Service-based Web Server
Abstract
The service based web server does very, very little on its own. All of its work is handled by services that tell it how it is configured, services that does all the work, and services that render the result. The constant interface between these services is passing WSGI requests over HTTP and a universal way to specify other methods of other services (URI).
Request Handling
The server is configured with a master configuration. This determines which paths map to which pages.
A page is a collection of components and the layout. The layout has slots that the rendered content of the components will be put into. There is also the universal and magical slot "first". Slots can also themselves be layouts with additional components comprising that. This allows two componets to be embedded side-by-side, for instance.
When a request comes in, it matches the path to the page. Then it starts rendering the page. First, it calls the "first" components, discarding the results. The first components may return a signal that the request is complete, for instance, if the component redirects 302 to a differnt page. Each component is rendered in parallel, as fast as is acceptable.

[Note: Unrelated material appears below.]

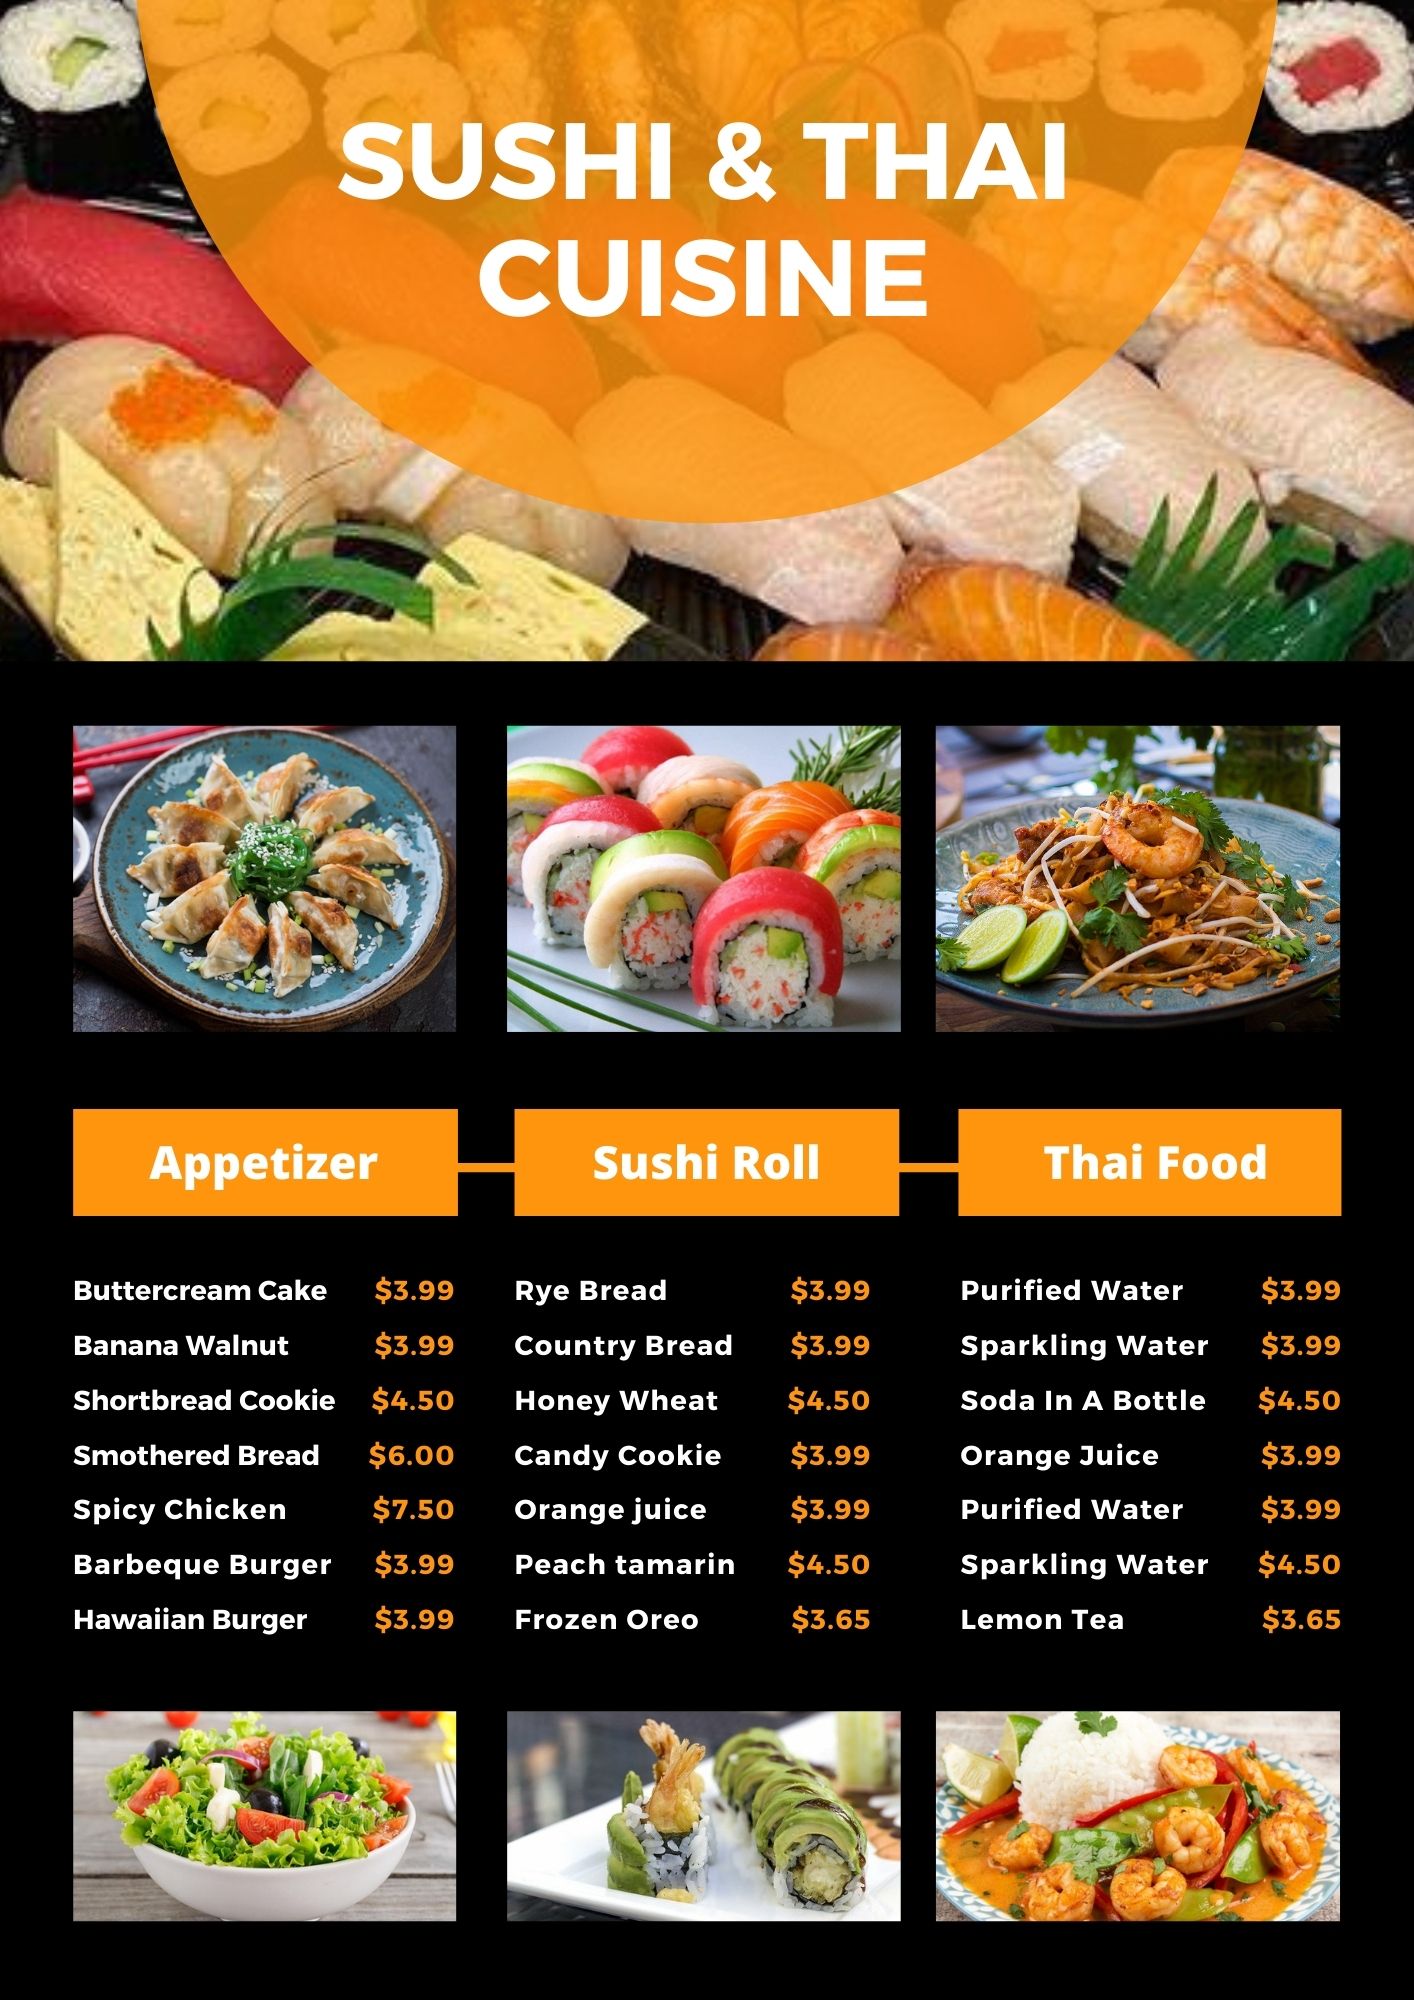 Sushi & Thai Cuisine

Then the server renders all of the components in the layout, as well as components within layouts within the layout. This is done as fast as possible in parallel. At this time, the layouts are also retreived.
When all of the components are completed, as well as the layouts, then the content is assembled. The result is then returned.
Configuration happens:
- At a global level, specifying global values passed as part of every request.
- At the path-page mapping level.
- At the page level, specifying constants and how parts of the path are interpreted to be part of the request.
- At the layout level. Some layouts require some configuration.
- For each component. There are set values and values that come from the request.